### What is needed
Write every line below out again exactly, images omitted.

### Collected material
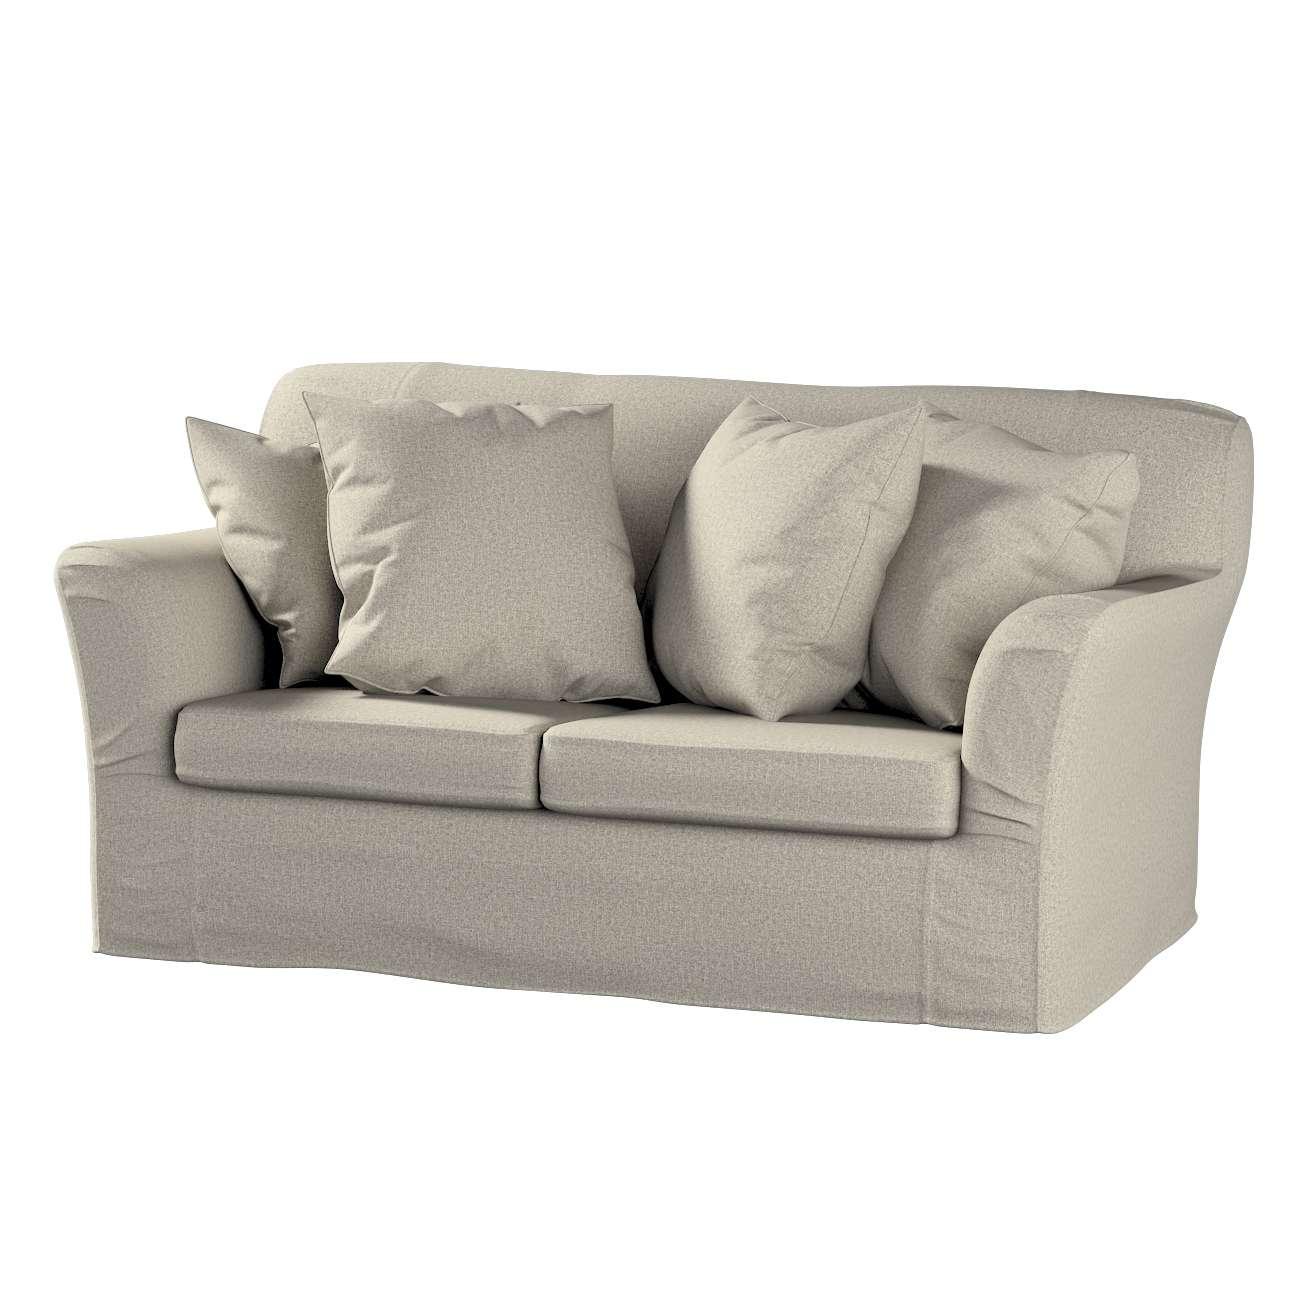 Pokrowiec na sofę Tomelilla 2-osobową nierozkładaną w kolekcji Madrid, tkanina: 161-23
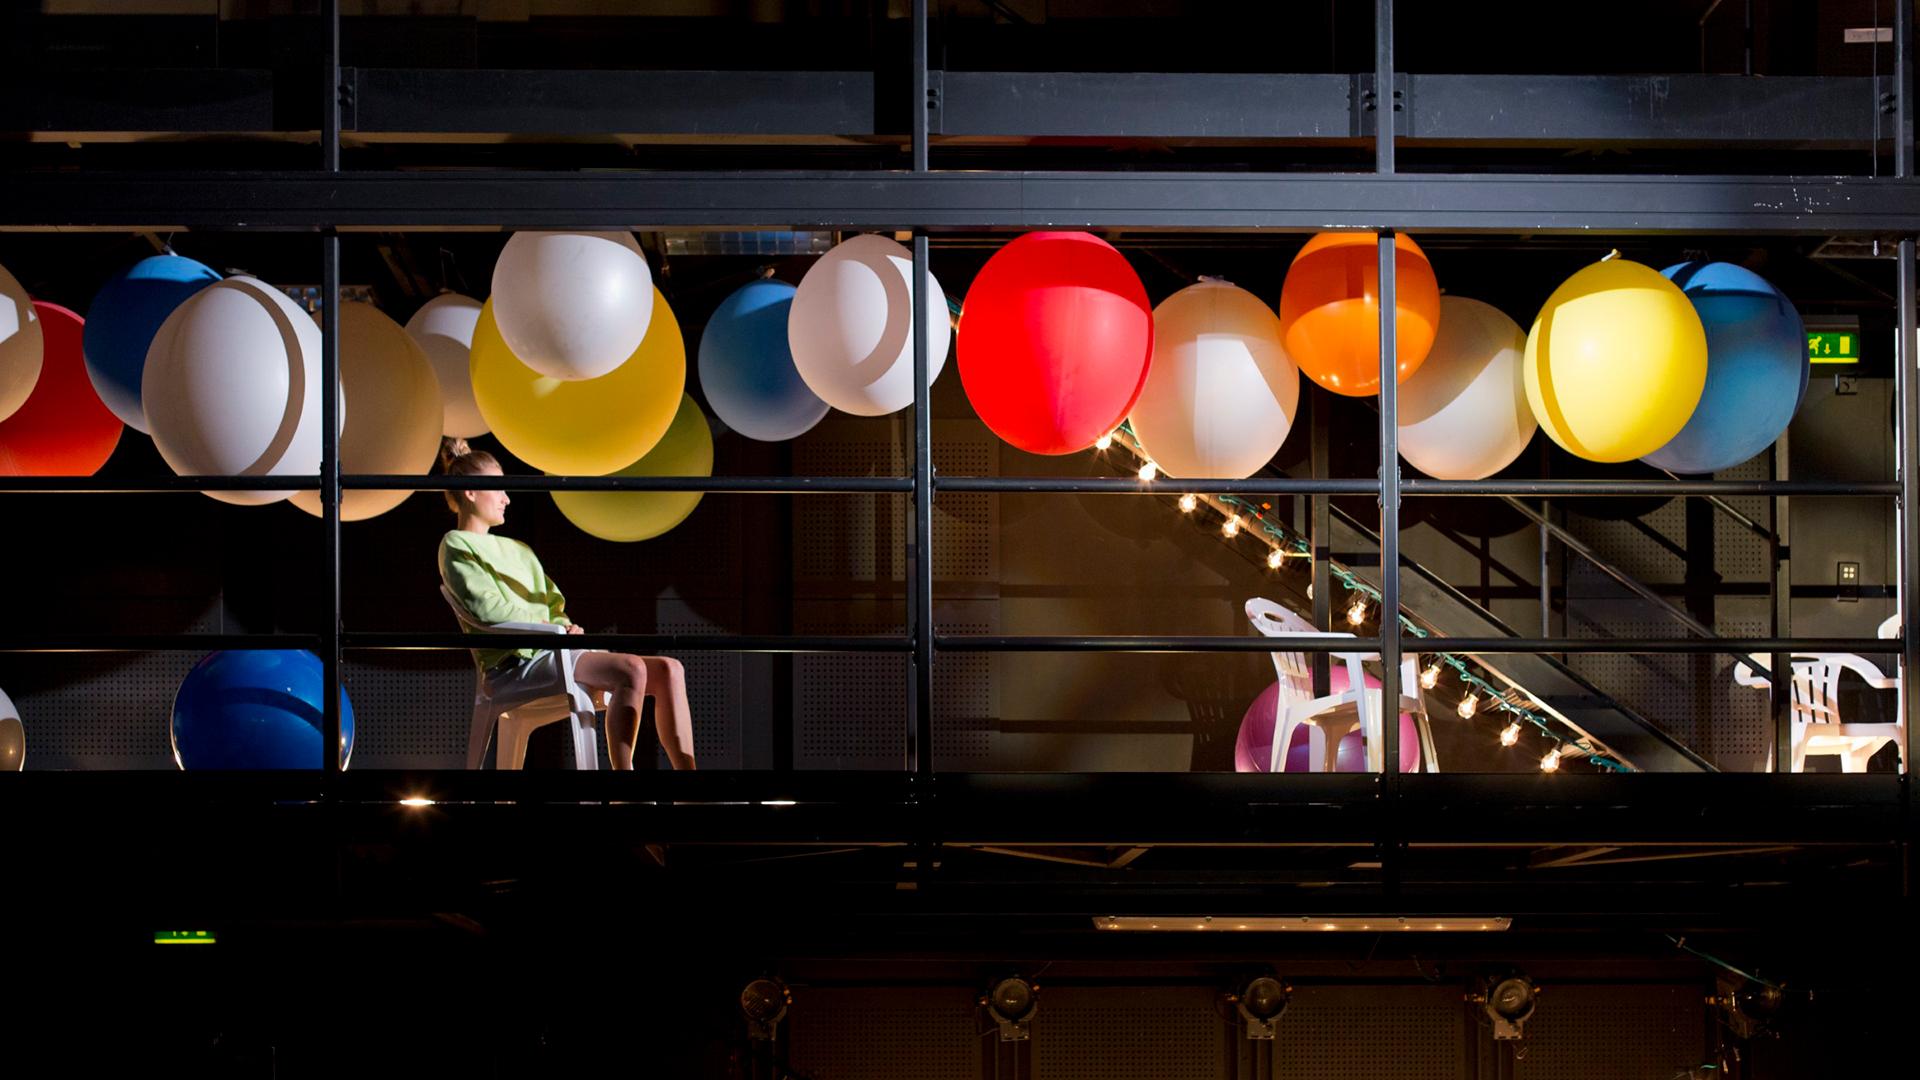 Esiintyjä kuvan vasemmassa reunassa istuu tuolilla lavarakennelmassa, joka on lähellä katonrajaa. Katosta roikkuu suuria erivärisiä ilmapalloja. Taustalla keijuvaloja.
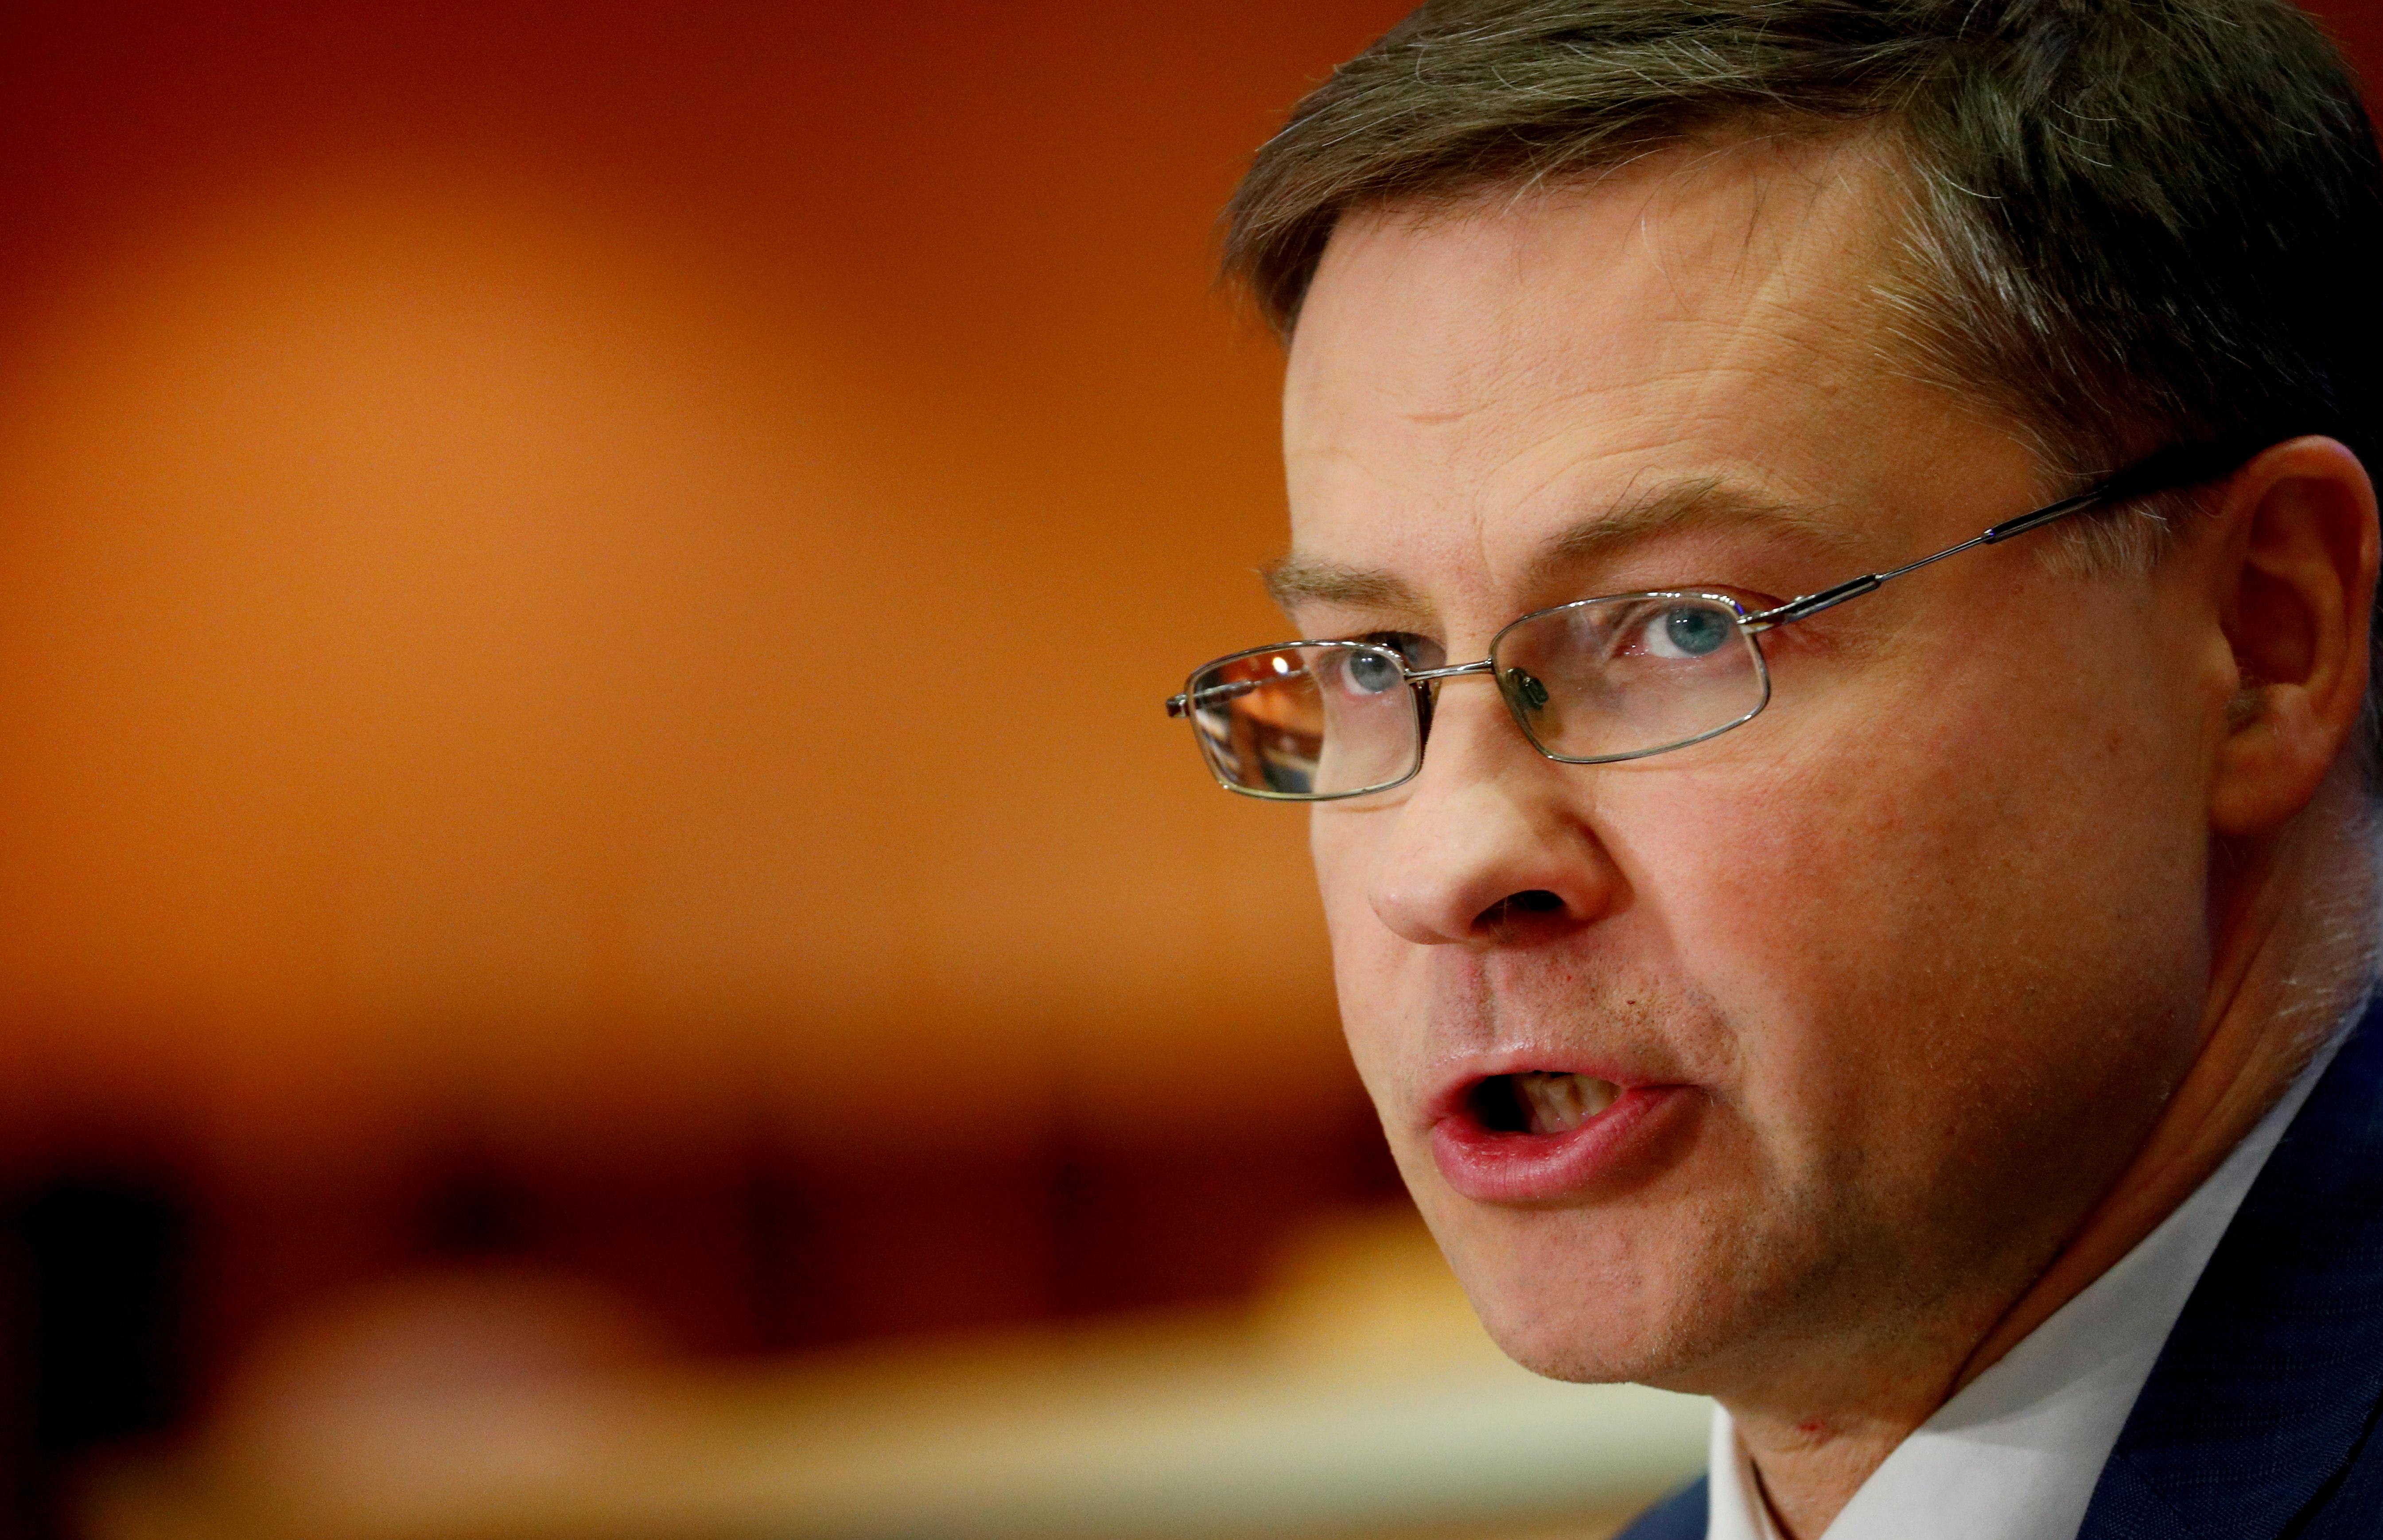 Άνοιξε… δρόμο για μείωση των στόχων του πρωτογενούς πλεονάσματος ο Ντομπρόβσκις

### Task output
 Pokrowiec na sofę Tomelilla 2-osobową nierozkładaną w kolekcji Madrid, tkanina: 161-23
 Esiintyjä kuvan vasemmassa reunassa istuu tuolilla lavarakennelmassa, joka on lähellä katonrajaa. Katosta roikkuu suuria erivärisiä ilmapalloja. Taustalla keijuvaloja.
 Άνοιξε… δρόμο για μείωση των στόχων του πρωτογενούς πλεονάσματος ο Ντομπρόβσκις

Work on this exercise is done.